Proving this additive function is continuous.

[daon]

I needed to prove that a function f:R^m->Rⁿ with the property that f(x+y)=f(x)+f(y), for all x,y in R^m has the following properties:

1) for all rationals q, f(q) = a*q where a=f(1)
2) if f is continuous and r a real number, then f(r) = a*r.

This was relatively easy for me to do with the integers, but I'm clueless on the rationals and reals. For the integers I could write f(z) as f(1)+f(1)+...+f(1) z times, and for negative integers it was easy to show f(-x)=-f(x) for all reals x so that f(-z) = -f(z) = -z*f(1).

Any ideas?
Thanks

edit: Also, in a related question, I am to show that if f is monotone then (f is additive[i.e. f(x+y) = f(x)+f(y)] implies f must be continuous.)I figure this is the same as "If f is monotone and additive,then f is continuous."

I think I am close on this but I can't figure out where the additive part comes in. I am attempting this by contra-positive, but if this is the wrong path please redirect me. I want to show that: "If f is not continuous, then f is not additive or f is not monotone." I am assuming it is continuous and additive and trying to show it must not be monotone.

 

[pka]

All that is need is a sleight of hand.

If \(\displaystyle \alpha \in Q\), a rational number then \(\displaystyle \alpha = \frac{m}{n}\) the ratio of two integers.
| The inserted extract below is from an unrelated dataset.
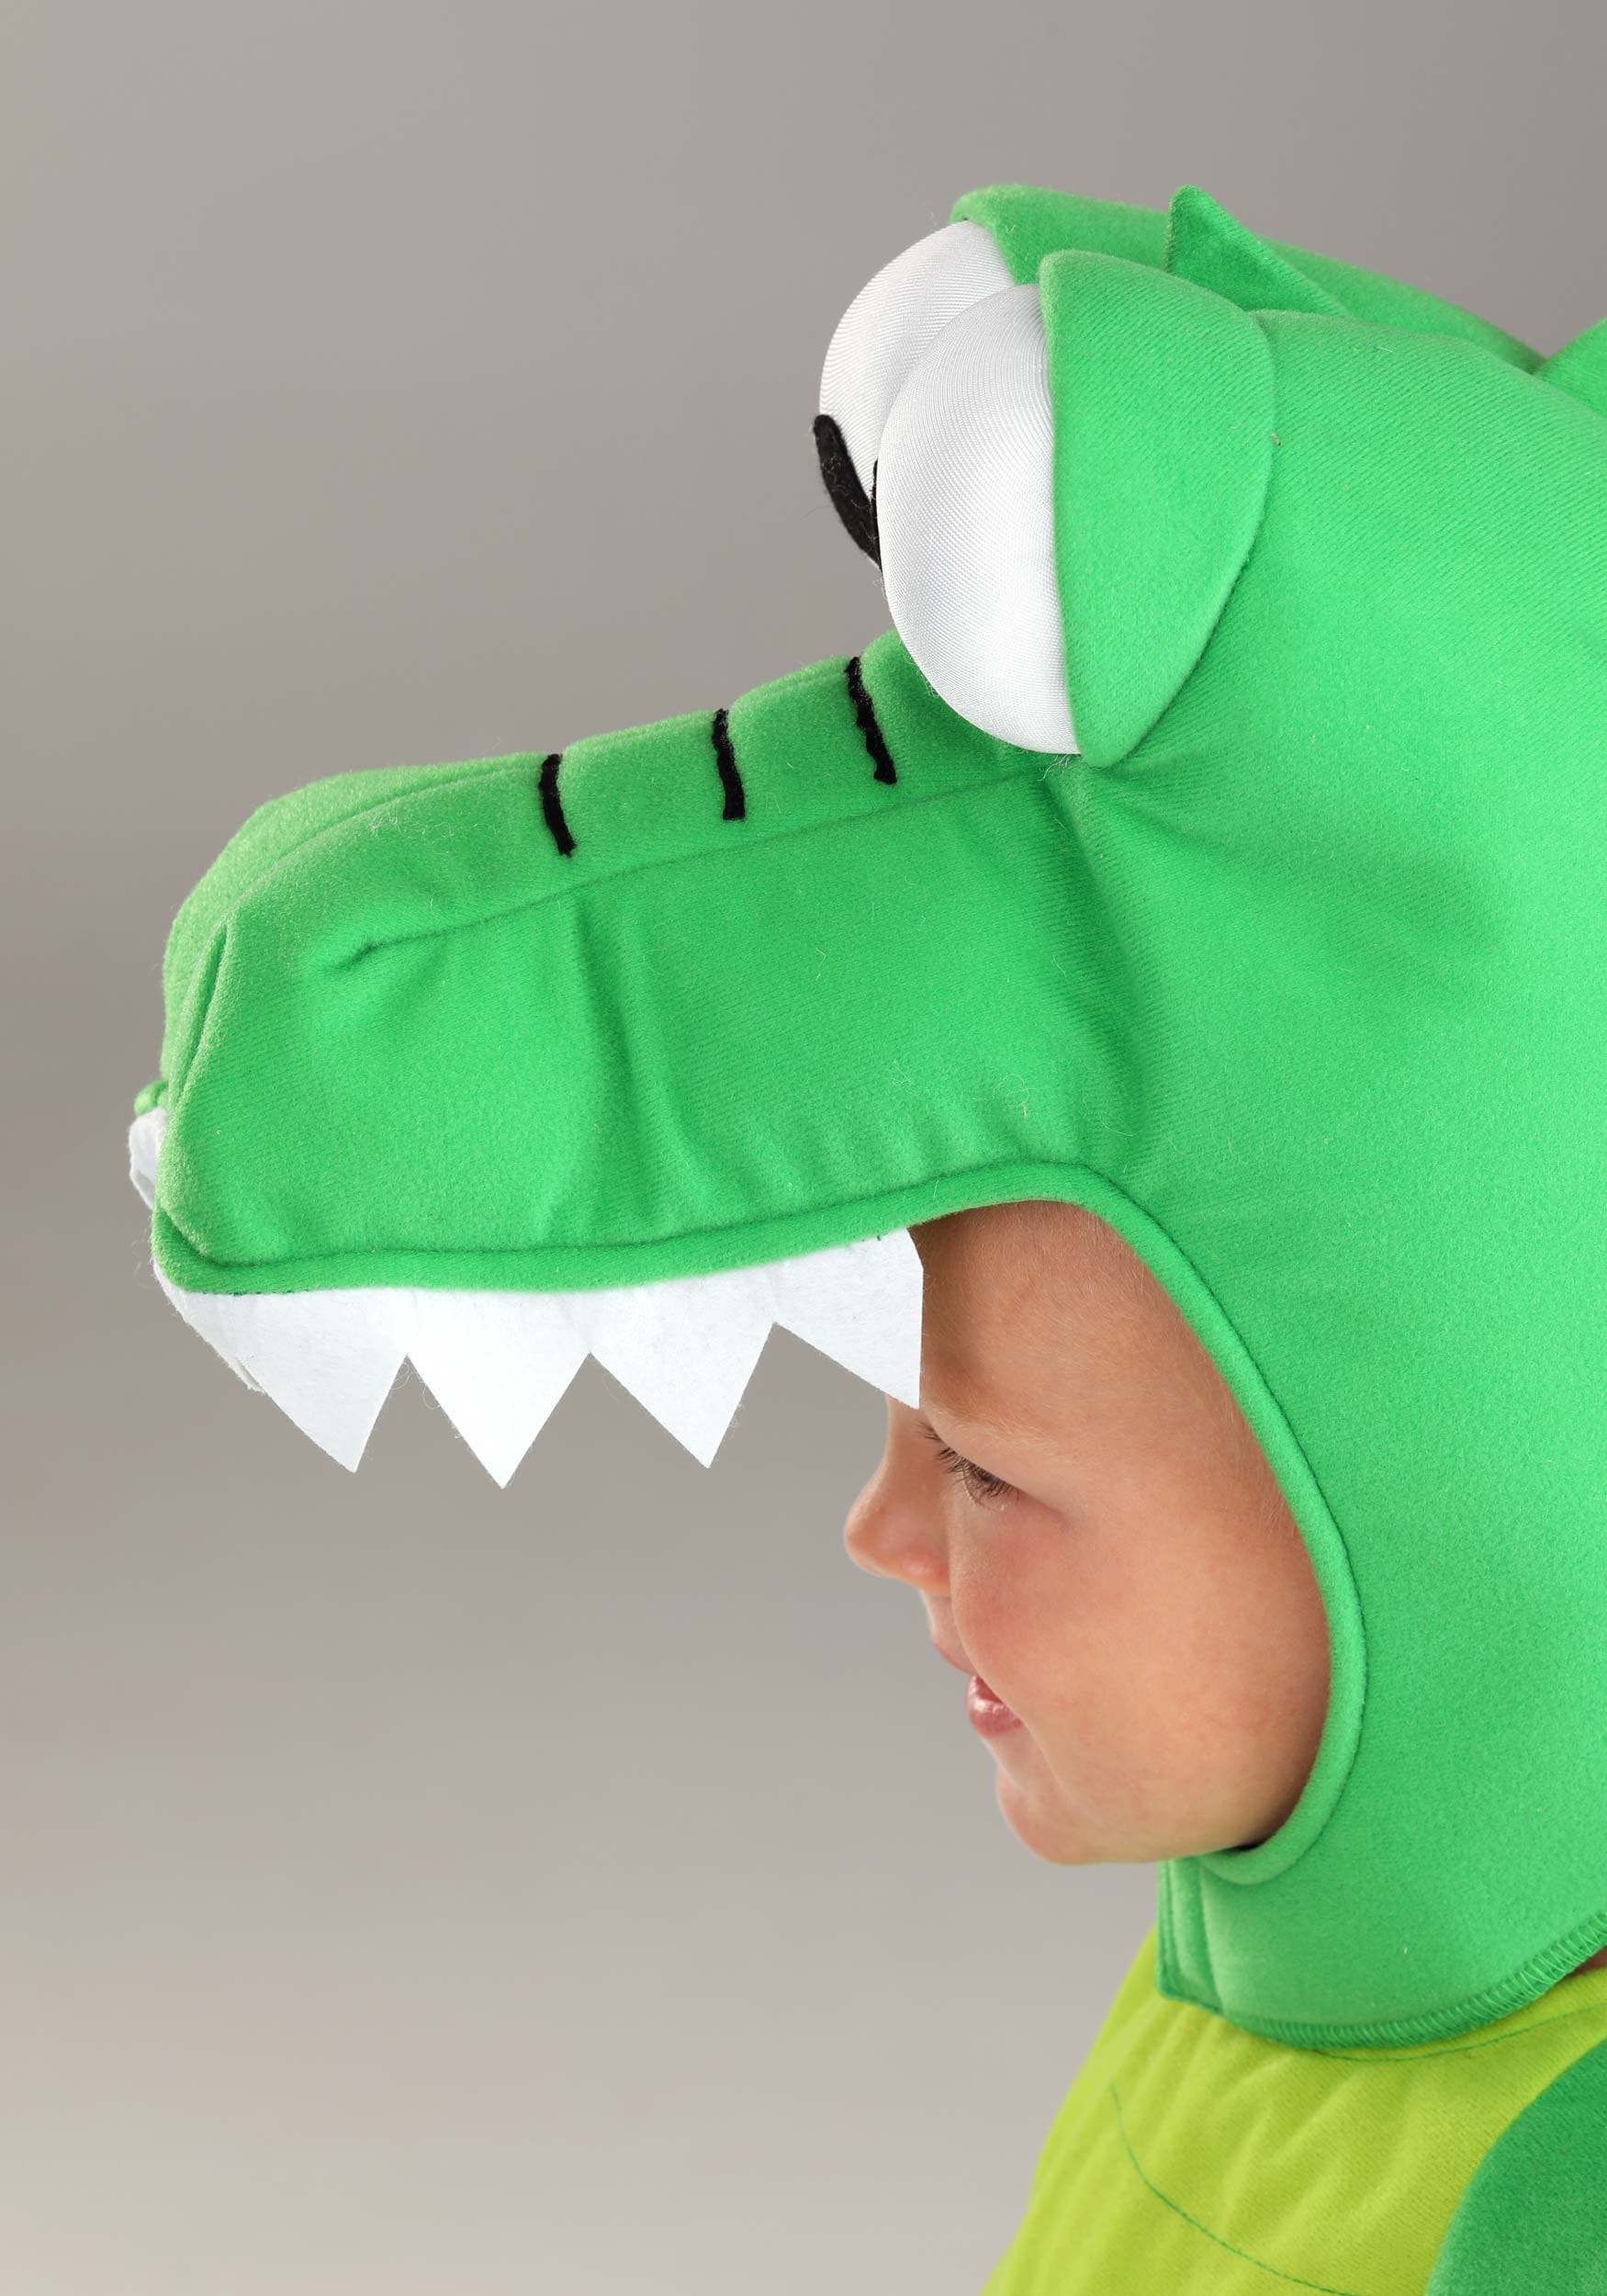 Goofy Gator Toddler Costume

Thus \(\displaystyle n\alpha = m\) and

\(\displaystyle \begin{array}{l}
f(m) = f(n\alpha ) = f\left( {\underbrace {\alpha + \alpha \cdots \alpha }_n} \right) = nf(\alpha ) \\
nf(\alpha ) = f(m) = mf(1) \\
f(\alpha ) = \frac{m}{n}f(1) = \alpha f(1) \\
\end{array}.\)

For #2, note that any real is the limit of a sequence of rational numbers.
Now one characterization of a continuous function is in terms of preserving converging sequences.